*** Opening of Input ***

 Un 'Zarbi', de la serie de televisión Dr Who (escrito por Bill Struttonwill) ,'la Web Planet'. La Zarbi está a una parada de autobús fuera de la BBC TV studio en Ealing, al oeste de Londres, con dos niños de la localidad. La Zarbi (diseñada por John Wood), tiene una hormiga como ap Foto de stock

*** Close of Input ***
*** Opening of Input ***

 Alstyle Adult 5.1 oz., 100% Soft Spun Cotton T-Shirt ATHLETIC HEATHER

*** Close of Input ***
*** Opening of Input ***

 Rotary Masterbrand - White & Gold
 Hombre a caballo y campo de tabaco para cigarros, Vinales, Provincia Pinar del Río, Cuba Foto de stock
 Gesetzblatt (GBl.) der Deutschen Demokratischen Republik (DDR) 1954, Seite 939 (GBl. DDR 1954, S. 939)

*** Close of Input ***

- **Action item**
Which lines of the listing contain the word "Foto"? Copy each of them.

- **Solution to the problem**
 Un 'Zarbi', de la serie de televisión Dr Who (escrito por Bill Struttonwill) ,'la Web Planet'. La Zarbi está a una parada de autobús fuera de la BBC TV studio en Ealing, al oeste de Londres, con dos niños de la localidad. La Zarbi (diseñada por John Wood), tiene una hormiga como ap Foto de stock
 Hombre a caballo y campo de tabaco para cigarros, Vinales, Provincia Pinar del Río, Cuba Foto de stock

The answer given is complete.